# Gallons and the general idea (pls help)



## supz (Mar 24, 2004)

im really new.

i read with interest on the web different types of aquatic planted tanks and their pictures.

but i dont know how much is one gallon. 

i have a 2 feet tank. how much gallon is that?


Also, i really dread reading those articles on the web, they're really long~
can someone correct me if im wrong about how the idea is about, when starting to have a planted tank.

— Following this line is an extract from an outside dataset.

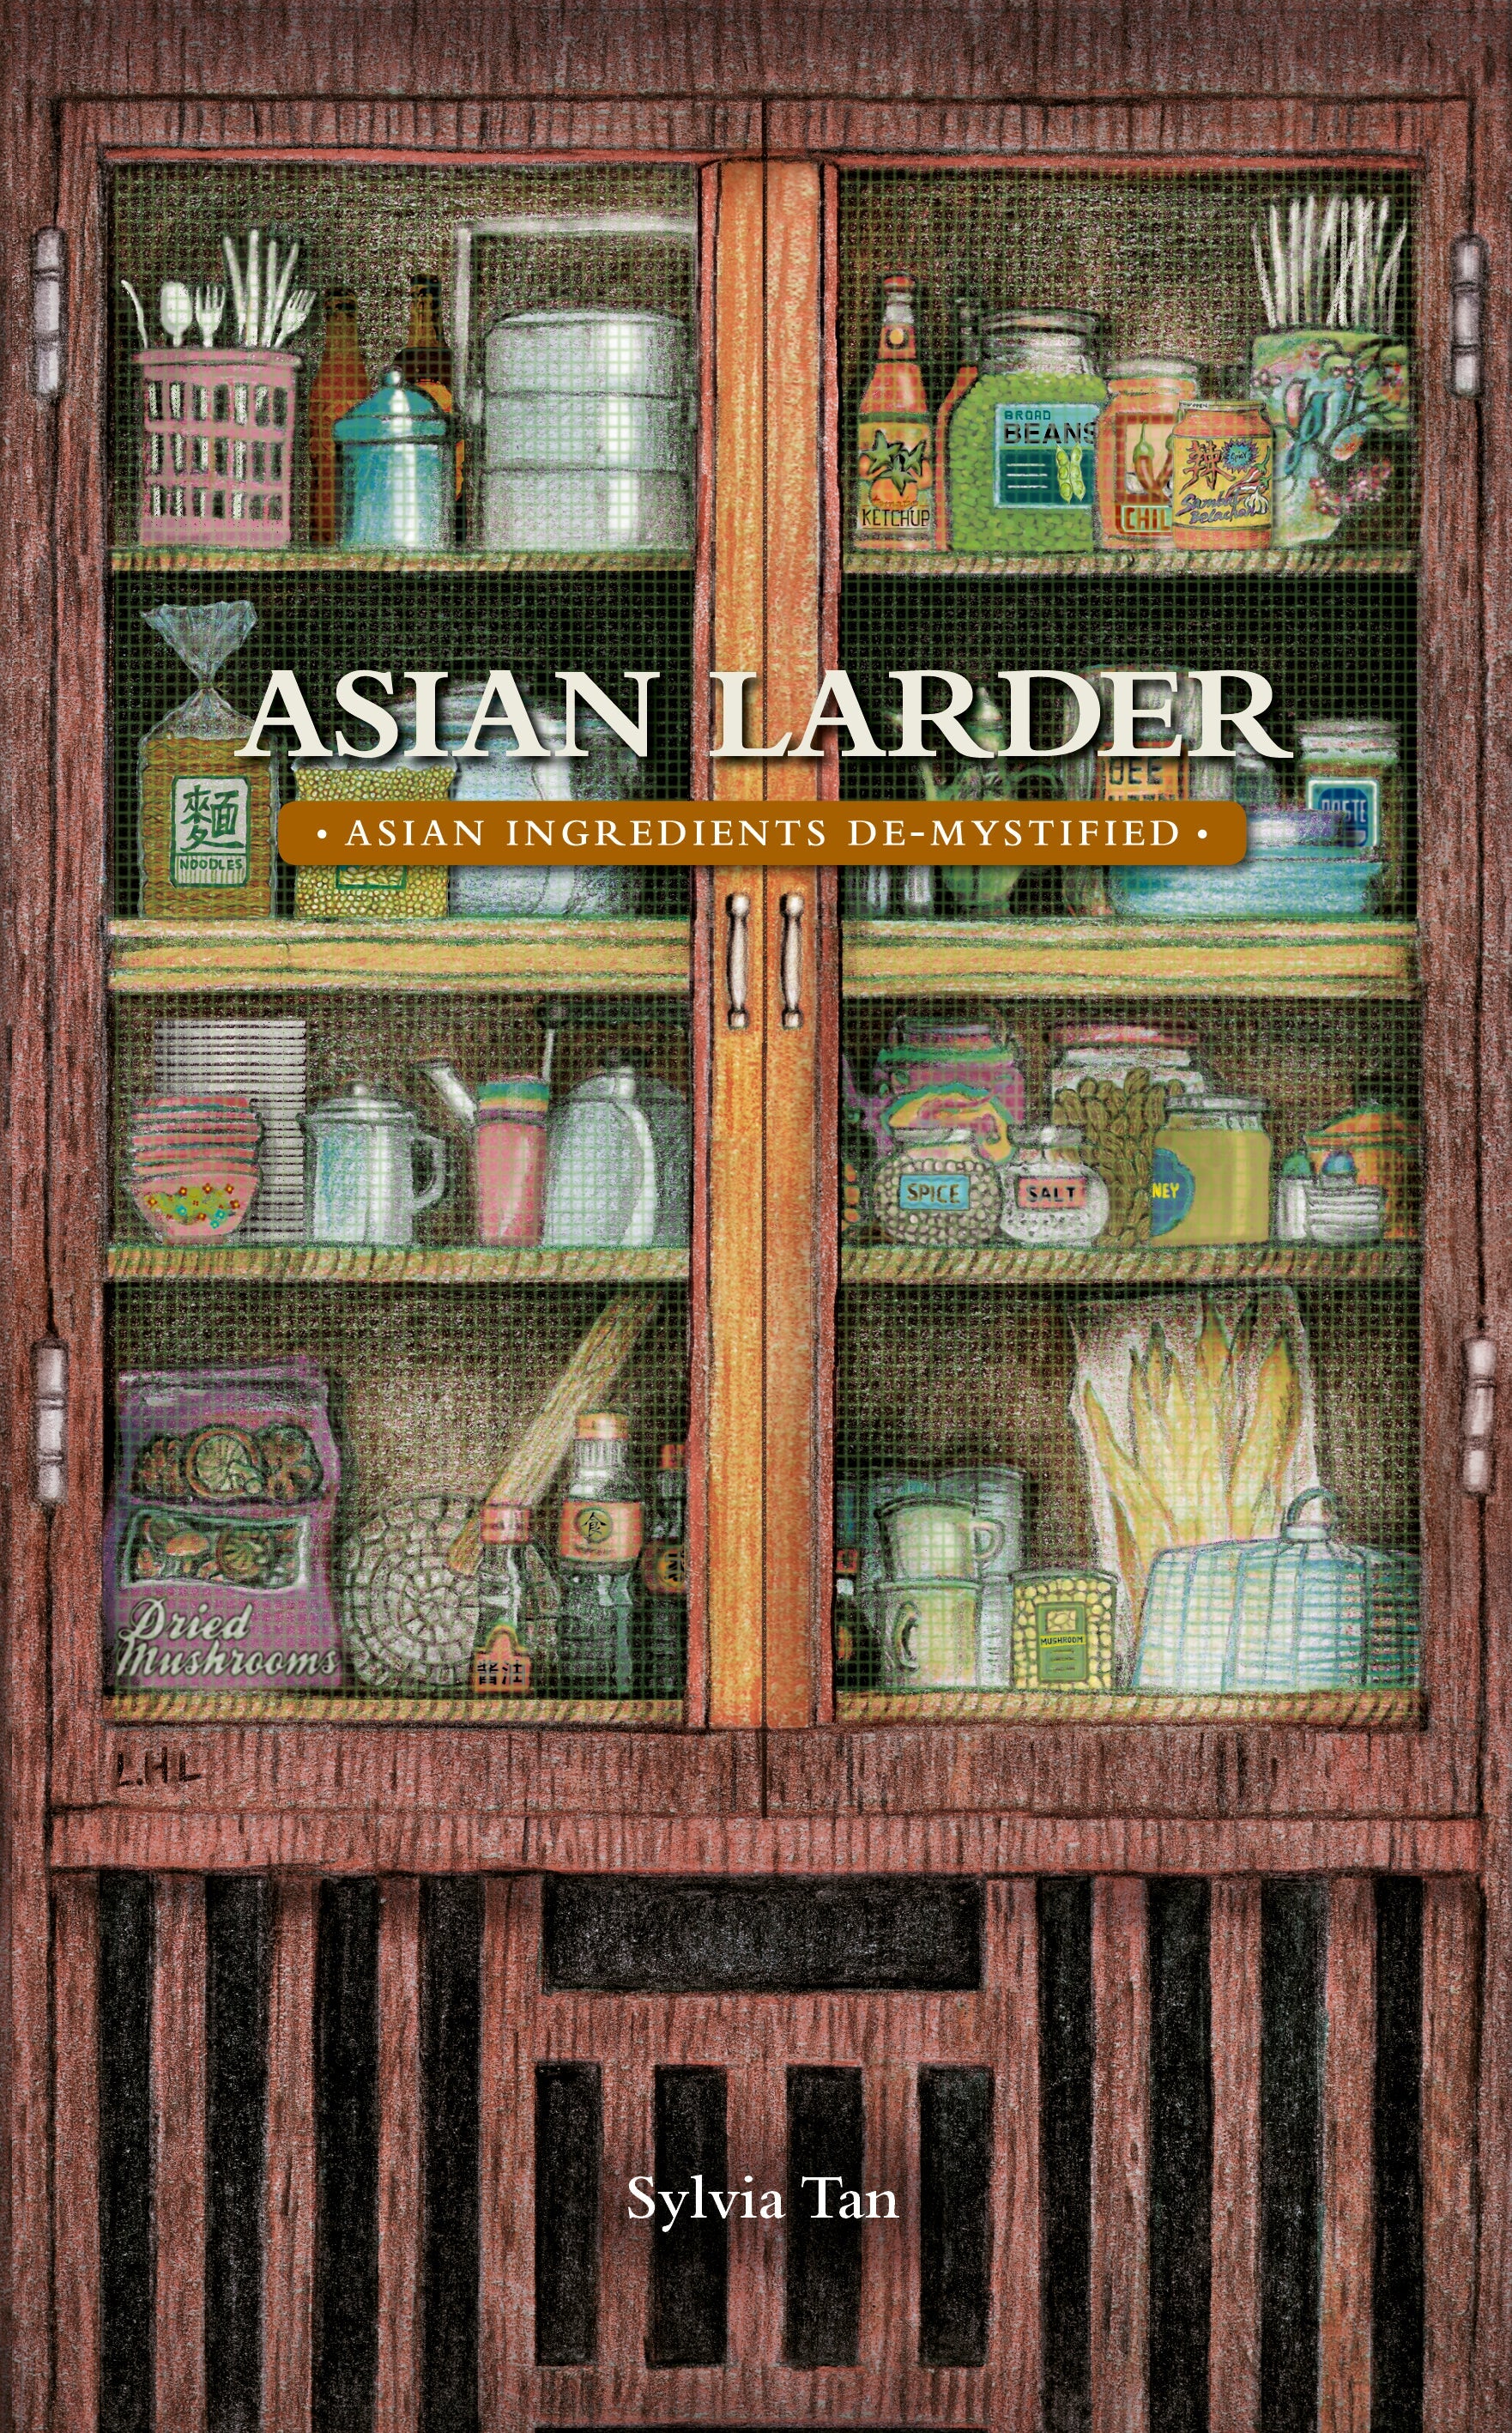 Asian Larder: Asian Ingredients De-Mystified

1) put in soil, let filter system run for 2 days
2) put in fertilisers, run for 2 days
3) put in plants, run for few days
4) put in fishes


plants needs: soiled fertilsers, light, and some drops of "fertilsers (can be bought in liquid of small solid forms) "

fish: 
1) gives off ammonium (droppings)
2) filter takes ammonium
3) micro organisms in filter / microballs break down ammonium into nitrates
4) nitrates taken in by plants


am i right?


----------



## guppy (Mar 7, 2004)

you say you have a 2 feet tank how tall is it and how wide ? its probaly a 15-20 gallon tank and you said soil ? i dont know anyone that has put soil into their aquarium you could try substrate like flourite or volcanit. Those are two good substrates for a plant tank there are more but i havent used any besides those. oh you might want ot consider what kinda of lights do you have for what kinda of plant setup your going to do most plants require high lights and some plants require low light and so on... so lighting is crucial in setting up a tank... so much to be said so little time


----------



## supz (Mar 24, 2004)

Im really bad at conversion of measurements.
the height's around 45 cm, width 30cm

Actually those "soil" i meant are black sands (those bought in aquarium shops), my bad~

what's substrate like flourite or volcanit?

thanks for your reply, i guess i need more information!


----------



## guppy (Mar 7, 2004)

your fish tank is probally 10 gallons umm could you be more specific with your gravel ? like whats the texture or what is it called ? flourite is a gravel from clay and volcanit is substrate from pumice rocks


----------